Task statement: The material below holds pictures; leave them out and reproduce exactly the lines from the one with "The Stuart Weitzman Retro" through the one with "Natural Light Strawberry", inclusive.

Stored data:
━━━━━━━━━━━━━━━━
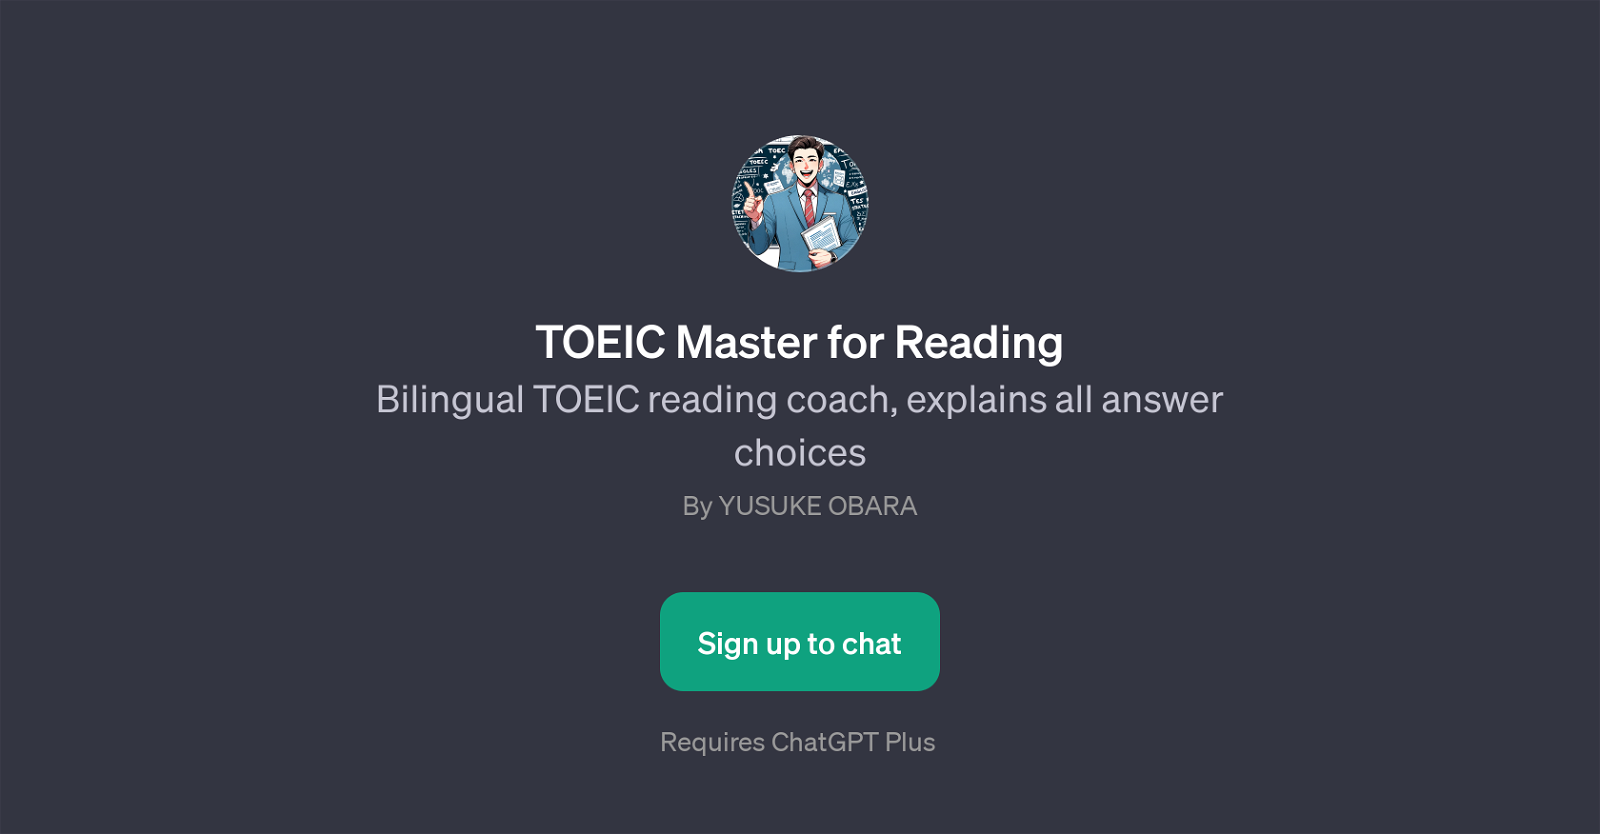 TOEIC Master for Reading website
━━━━━━━━━━━━━━━━
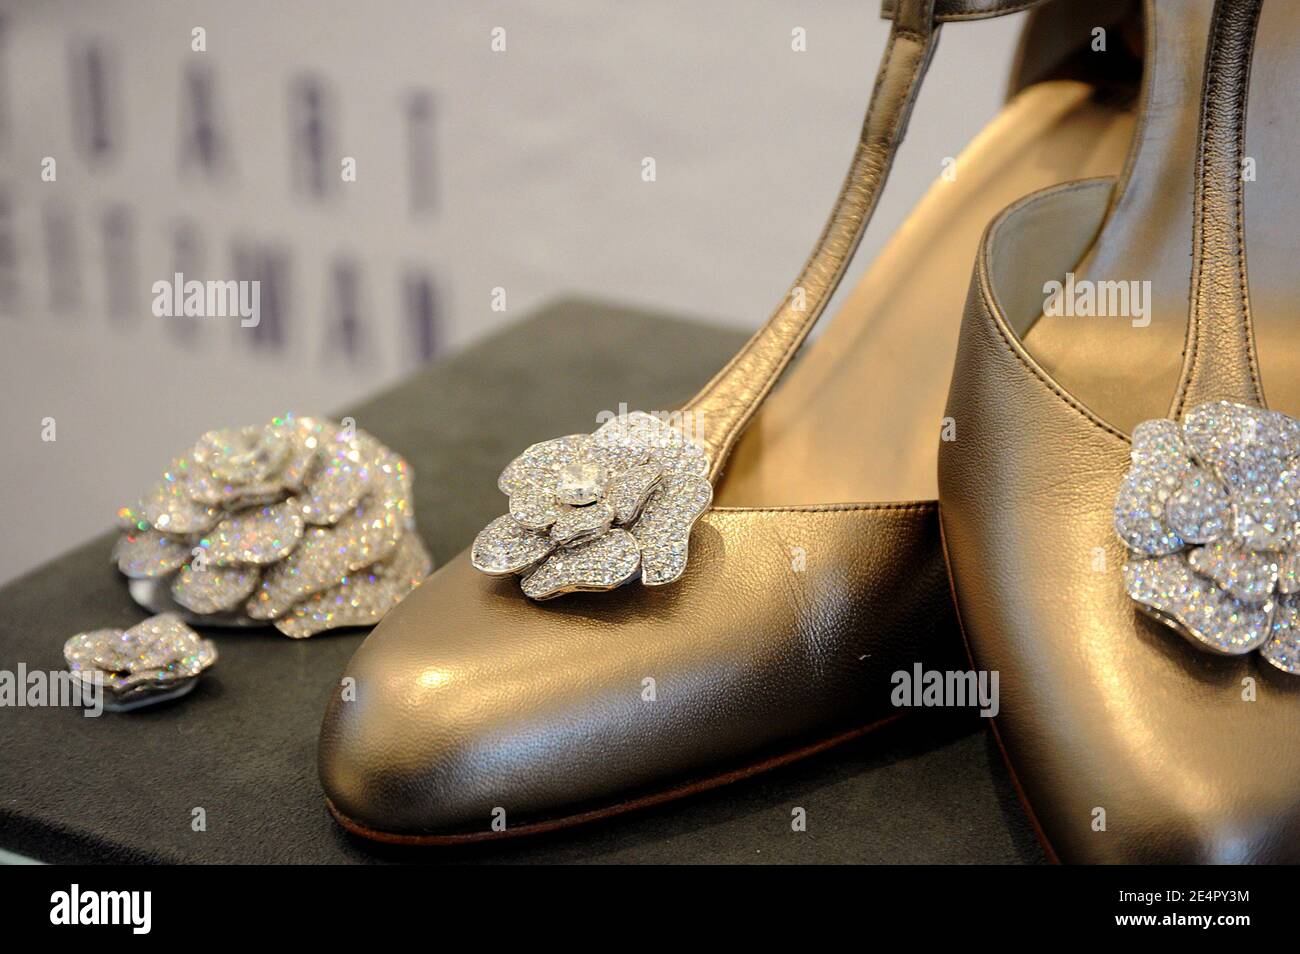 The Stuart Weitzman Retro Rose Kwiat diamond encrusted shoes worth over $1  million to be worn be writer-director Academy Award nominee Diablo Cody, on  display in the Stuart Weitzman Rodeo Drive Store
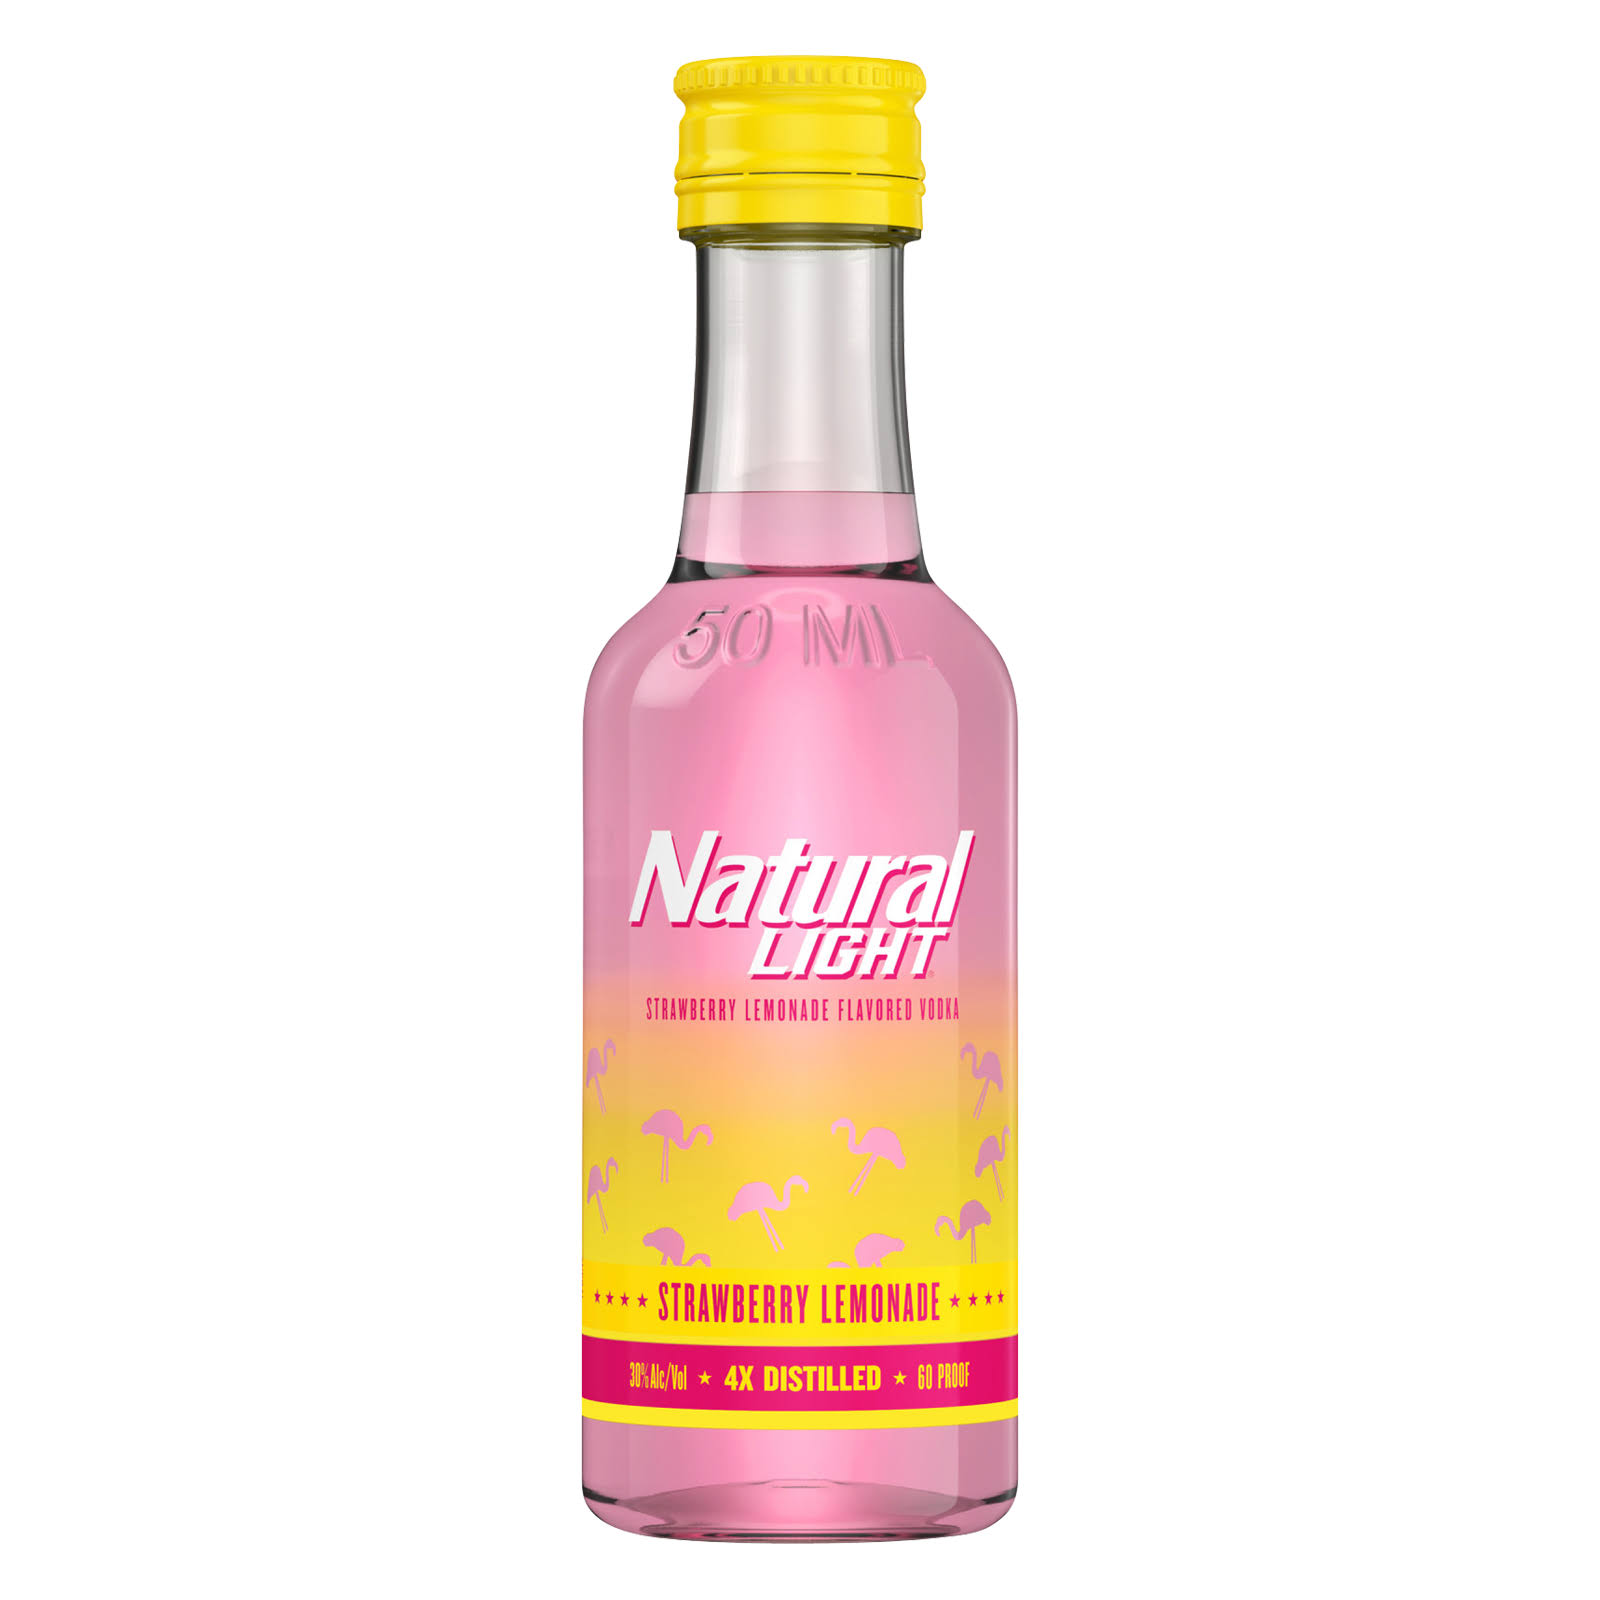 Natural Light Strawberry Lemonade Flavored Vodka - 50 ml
━━━━━━━━━━━━━━━━
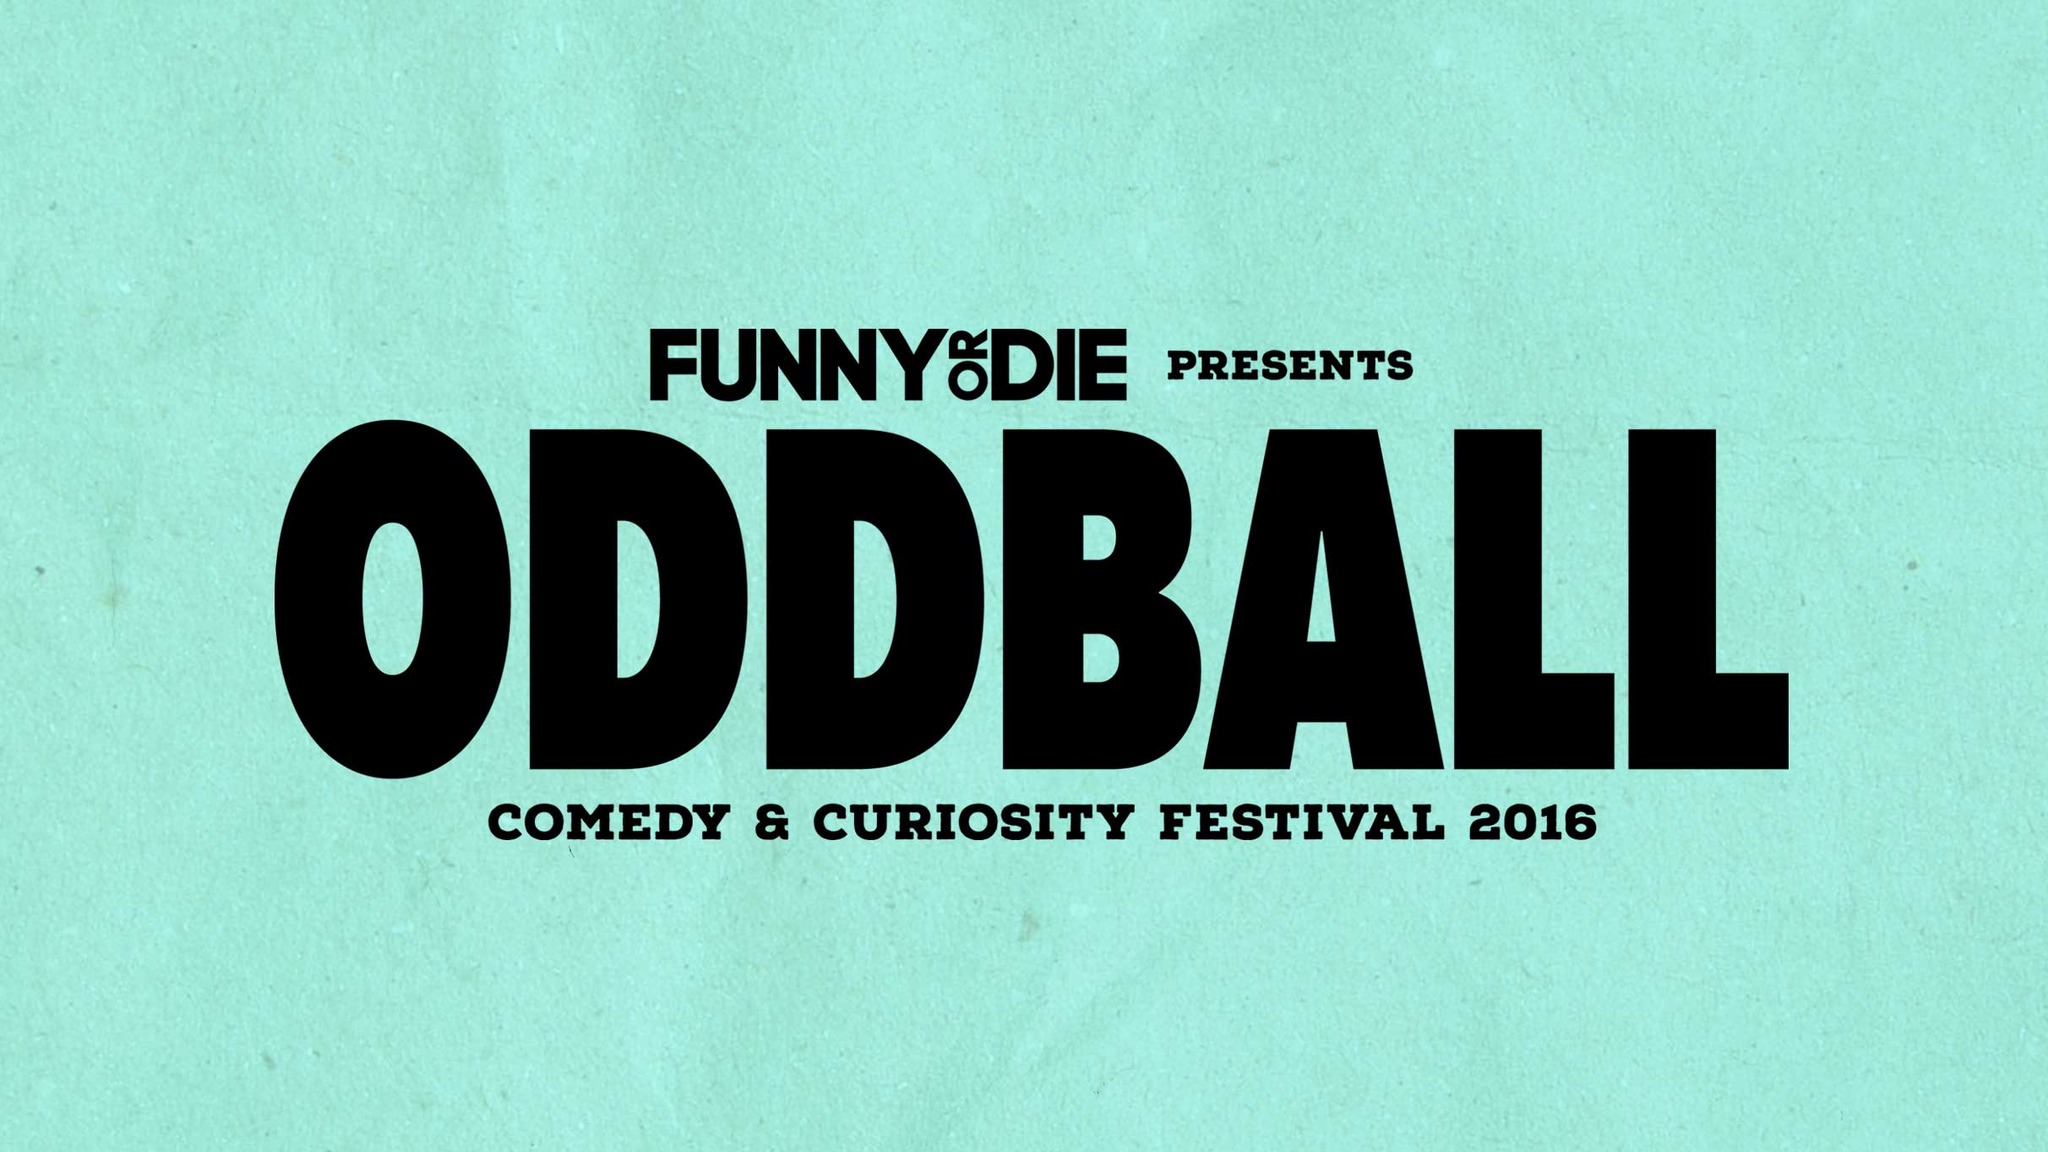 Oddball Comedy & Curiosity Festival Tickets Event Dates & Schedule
━━━━━━━━━━━━━━━━
Output of the exercise:
 The Stuart Weitzman Retro Rose Kwiat diamond encrusted shoes worth over $1  million to be worn be writer-director Academy Award nominee Diablo Cody, on  display in the Stuart Weitzman Rodeo Drive Store
 Natural Light Strawberry Lemonade Flavored Vodka - 50 ml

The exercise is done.